“Mi elocuente callada
amiga. Yo que te escribo, que contesto a las cartas que tú escribiste a otros
en aquello que encuentro dirigido a mí…”
Los que hemos escrito
diarios a lo largo de nuestra vida sabemos que siempre se escriben como si
habláramos con alguien. Como si hubiera un receptor ahí mismo, tras el candado,
que recibiera el dolor, la desesperación, la tristeza, la alegría, la
excitación. No como si nos lo contáramos a nosotros mismos, no. Muchas veces,
conduciendo las páginas como si el destinatario de todas esas emociones
estuviera ahí leyendo a medida que avanzan las palabras. Dicen que sana
escribir lo que uno siente. Tal vez lo que sane sea saber que esa persona ya
todo lo sabe porque lo ha leído. Saber sana, quizá eso sea.
Pudimos leer cómo Marga Gil
Roësset escribía su diario como si lo leyera Juan
Ramón Jiménez. Cómo le declaraba su amor, su pasión, su devoción. Su
sentirse pequeñita ante su inmensidad. “… Y no me ves… ni sabes que voy yo…
pero yo voy… mi mano… en mi otra mano… y tan contenta… porque voy a tu lado.”
Canfranc, marzo 2019. |
No es lo mismo escribir
cartas sin respuesta. Cuando uno escribe una carta o un correo electrónico
nunca va dirigido a uno mismo, ese sí tiene un destinatario. Una dirección.

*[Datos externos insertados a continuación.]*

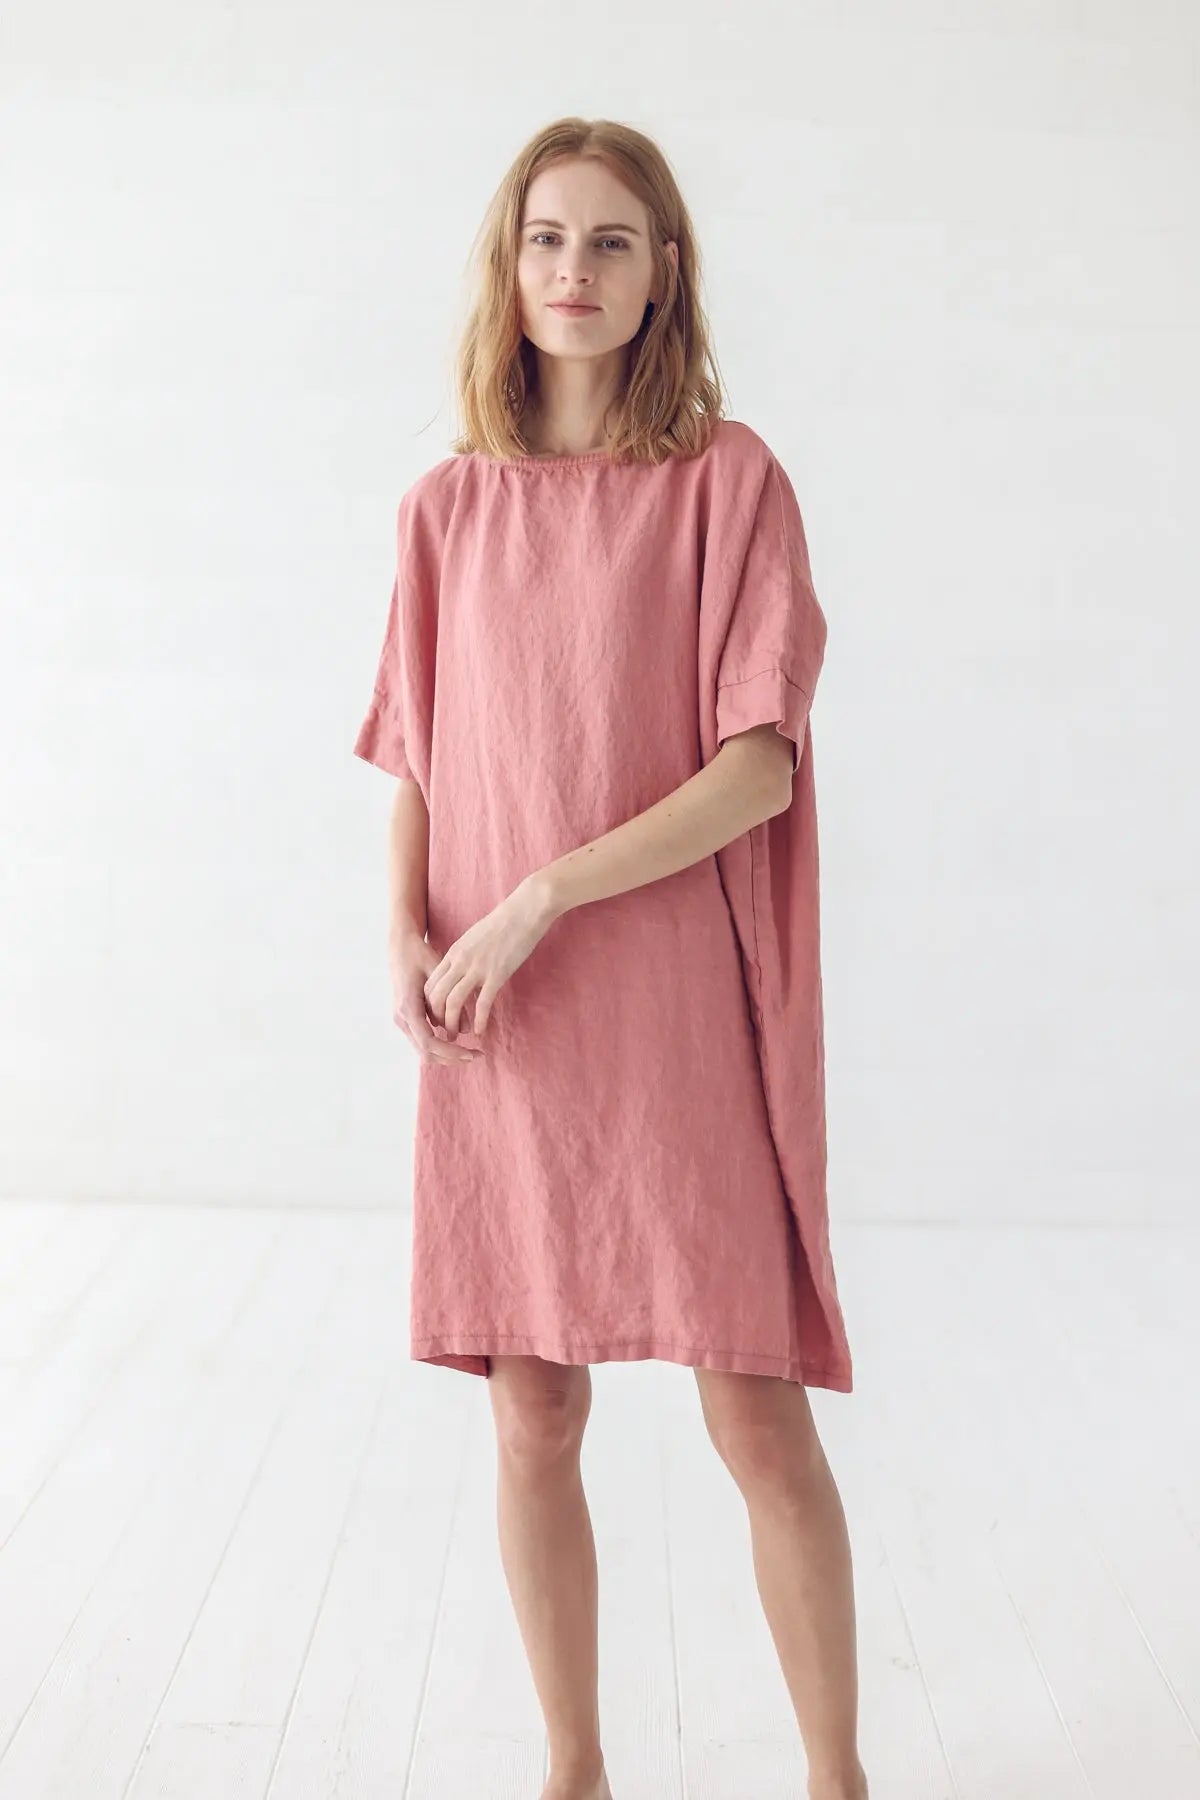 Coral Linen Dress - Epic Linen luxury linen

Existe un “alguien” que debiera interactuar con nuestro discurso, que debiera
responder. Un "alguien" que hiciera posible que no se generara el ahogo de la
melancolía sino que nos ayudara a recuperar la sonrisa de la confianza. Así lo
decía Carmen
Conde en sus cartas a Katherine
Mansfield. Cartas con destinataria, pero sin respuesta. Puede que sin que la
neozelandesa supiera que existieran las misivas. Conde leía los diarios de
Mansfield, sus libros de cartas publicadas, y vivía la afinidad que encontraba
entre ambas como si necesitara escribirle. Contarle cómo le escribía al pie de
una higuera cuantiosa de higos; sentada en el suelo, tocada con amplísimo
sombrero de palma mallorquín. Confesarle cómo su alma es como un paisaje
desvaneciente, cómo no vale ni un soplo de sol, ni una gota de aurora. ¿Cómo
enviarle tales palabras con la seguridad de que no habría respuesta? ¿Cómo escribir esas líneas sabiendo que
nunca tendrían arrullo?
Puede que nos haya pasado
a nosotros. Que hayamos necesitado explicarnos, compartir, abrir el corazón
para no ahogarnos, llorar en unas líneas para así quedarse una en paz...

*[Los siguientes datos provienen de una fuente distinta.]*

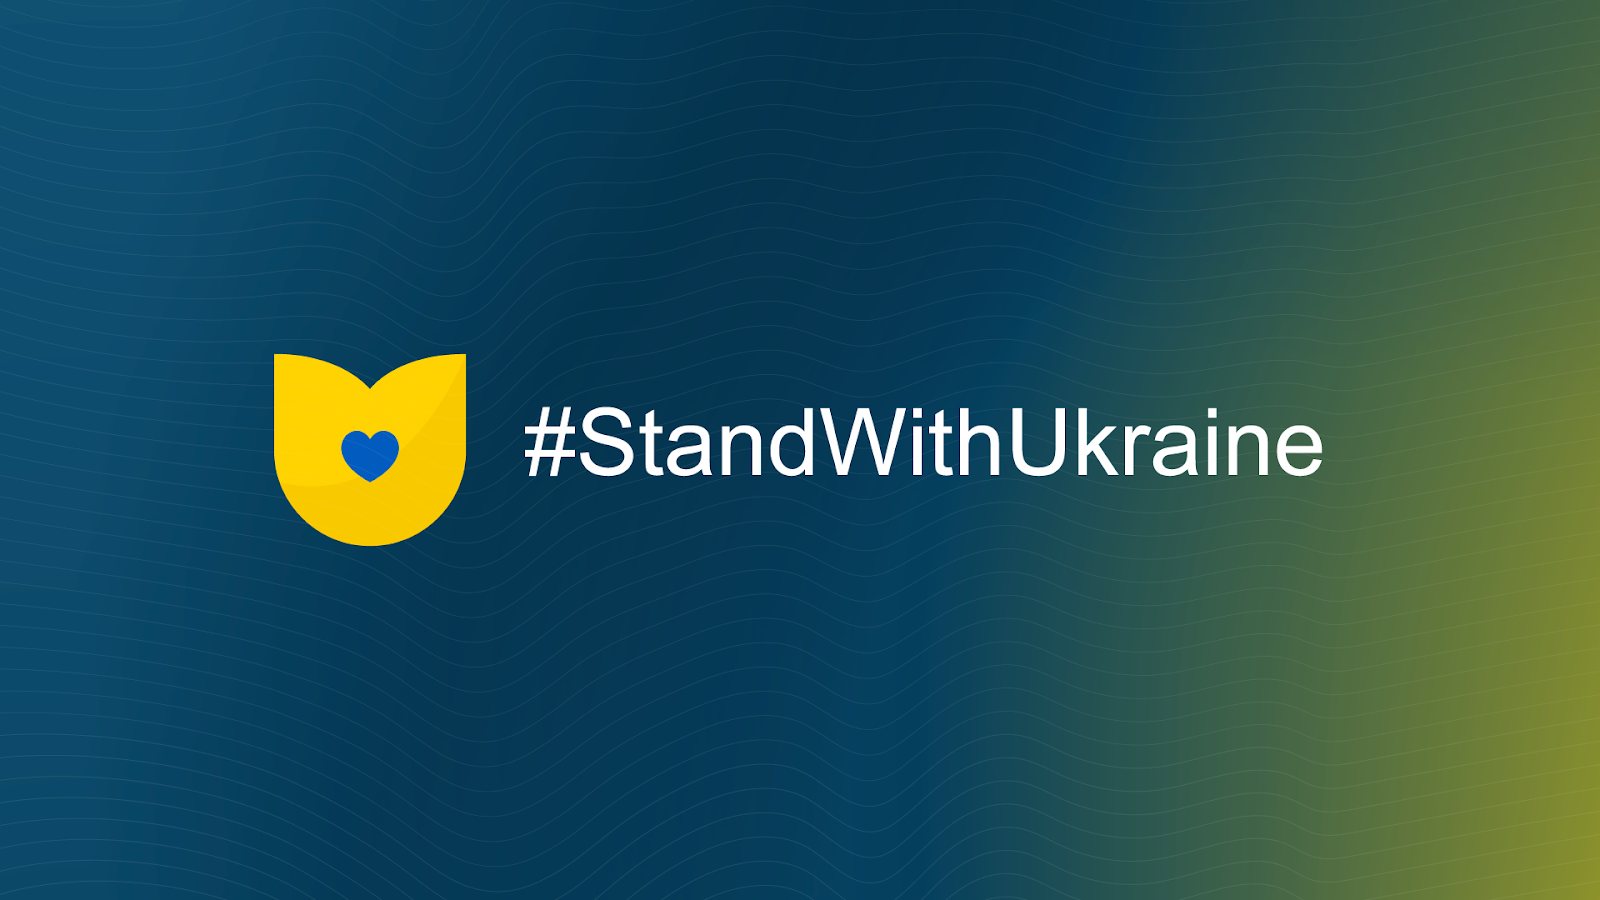 Залучення міжнародної спільноти до підтримки України під час війни є вкрай важливим для перемоги.

sabiendo que no habría réplica, como Conde. Que no llegaría la vuelta, la contestación,
el abrazo receptor a nuestra confesión. Que contamos, como Carmen, porque
sabemos que existe la complicidad. Que contamos, porque siempre queda la mínima
esperanza de que se lea, la diminuta fe de una respuesta. Que contamos, como
leemos en sus cartas, porque iremos un día llevando en los hombros collares de
astros, por la alameda sombría de pájaros en que ella espera… Y entonces
nos dará respuesta a las cartas, nuestra Katherine. Mientras tanto, y al igual
que la murciana, y como decía el Conde
de Villamediana: “en manos del silencio nos encomendamos”.